For the greater part of the year, I was hypersensitive to the word "Boston," and my nerves would be on edge when sudden loud noises, crashing sounds or fireworks were anywhere near. I was brought to tears regularly trying to talk about it.
— Sharon Burns | Portland, Ore.
I don't mind talking about it, because I don't want to forget it. I don't want it to go away. I don't want it to fade.
— Randy Clever | Chambersburg, Pa.
In those 12 seconds, I went from a sense of elation in knowing that I was going to finish the marathon to a sense of, 'How do I save my life?'
— Laurel Collins | Berkeley, Calif.
I realized that life is short. I realized that I was in danger; that a lot of people were in danger.
— Julian Jauregui | Woodridge, Ill.
I remember feeling that I should have known that people were hurt. . . I had a day where I just couldn't do anything but weep, and I was really traumatized and terribly distressed by the whole experience.
— Cory Maxfield | Holladay, Utah
It really was that sort of experience where you don't hear the sounds. You don't really know what's going on. You just are doing what you think is the right thing.
— Vivek Shah | Boston, Mass.
How did you change?
How did the Boston Bombings change you in the last year?

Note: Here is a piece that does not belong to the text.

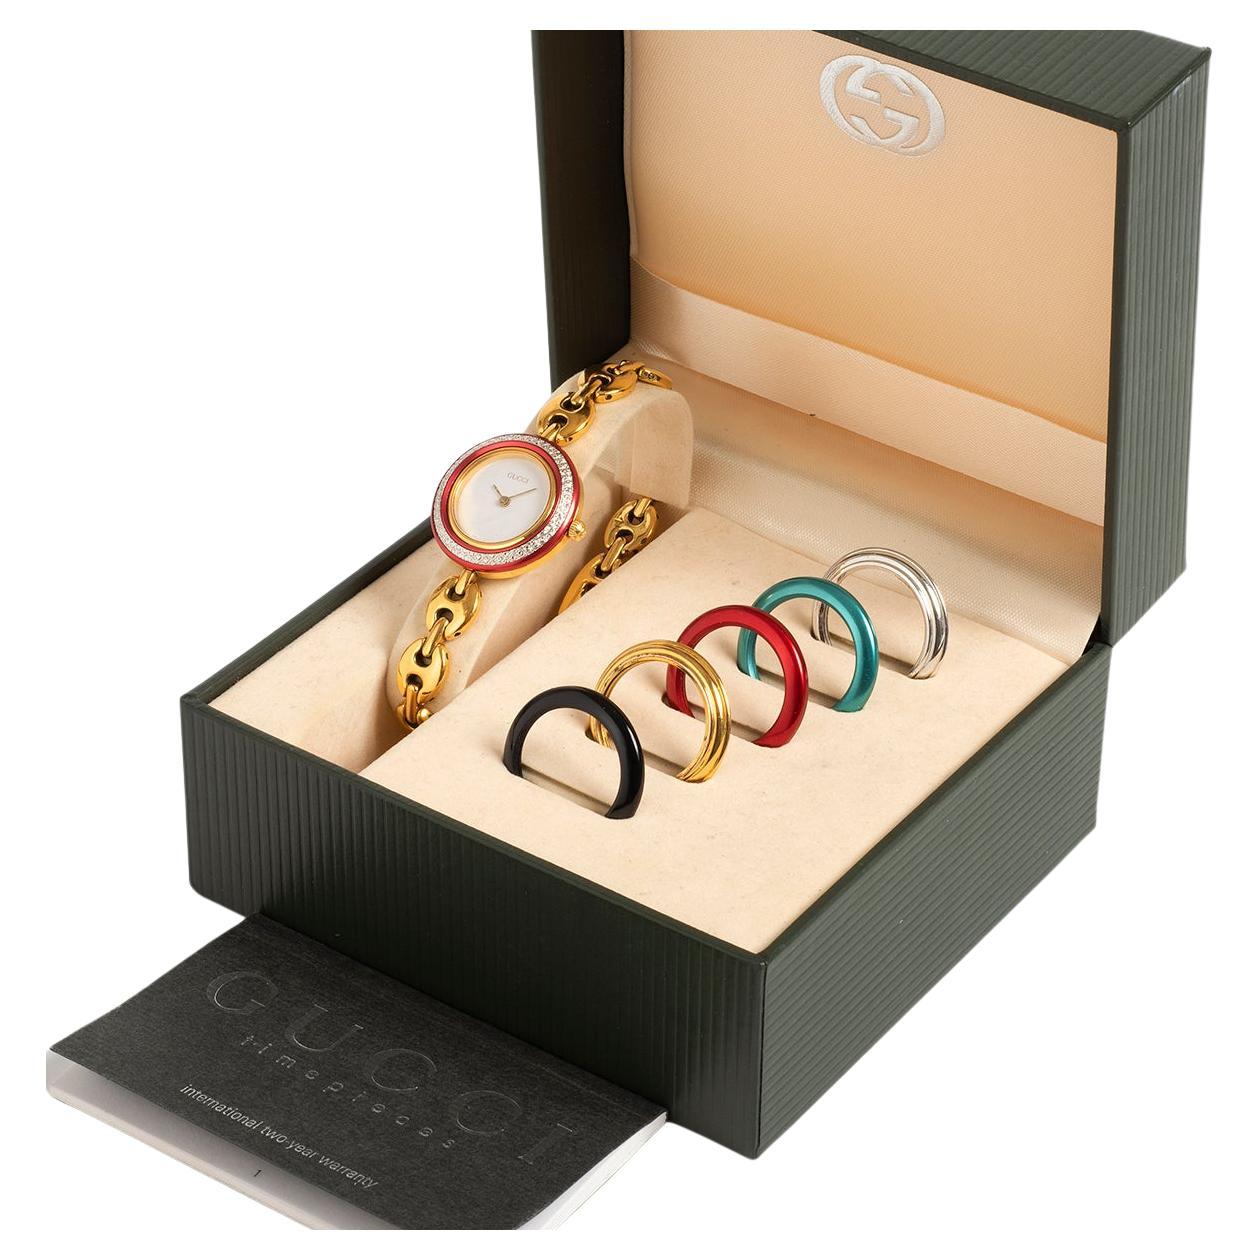 ☆GUCCIグッチ GタイムレスYA126511 レディース腕時計☆ 腕時計 ファッション小物 レディース 通販限定商品

The bombers took my legs, but everyone in Boston took care of me. They saved my life. They are the heroes, because they gave me an opportunity. They gave me the chance to prove that I — that we — are better than cowards with bombs. That we're not broken. And we're not afraid. We're stronger.
When Vivian Adkins crossed the finish line, she looked up into the bleachers and saw a cluster of bright yellow balloons flying through the smoke. Seeing balloons, usually a symbol of happiness, in a time of profound sadness, she says, remains the most searing image of those 12 seconds. It reminds her of a moment, she says, when she thought she might die.
"Those 12 seconds went from innocence — people just joking around, celebrating for their loves ones who finished — to wow, bad things can really happen in this world," Adkins, 44, says.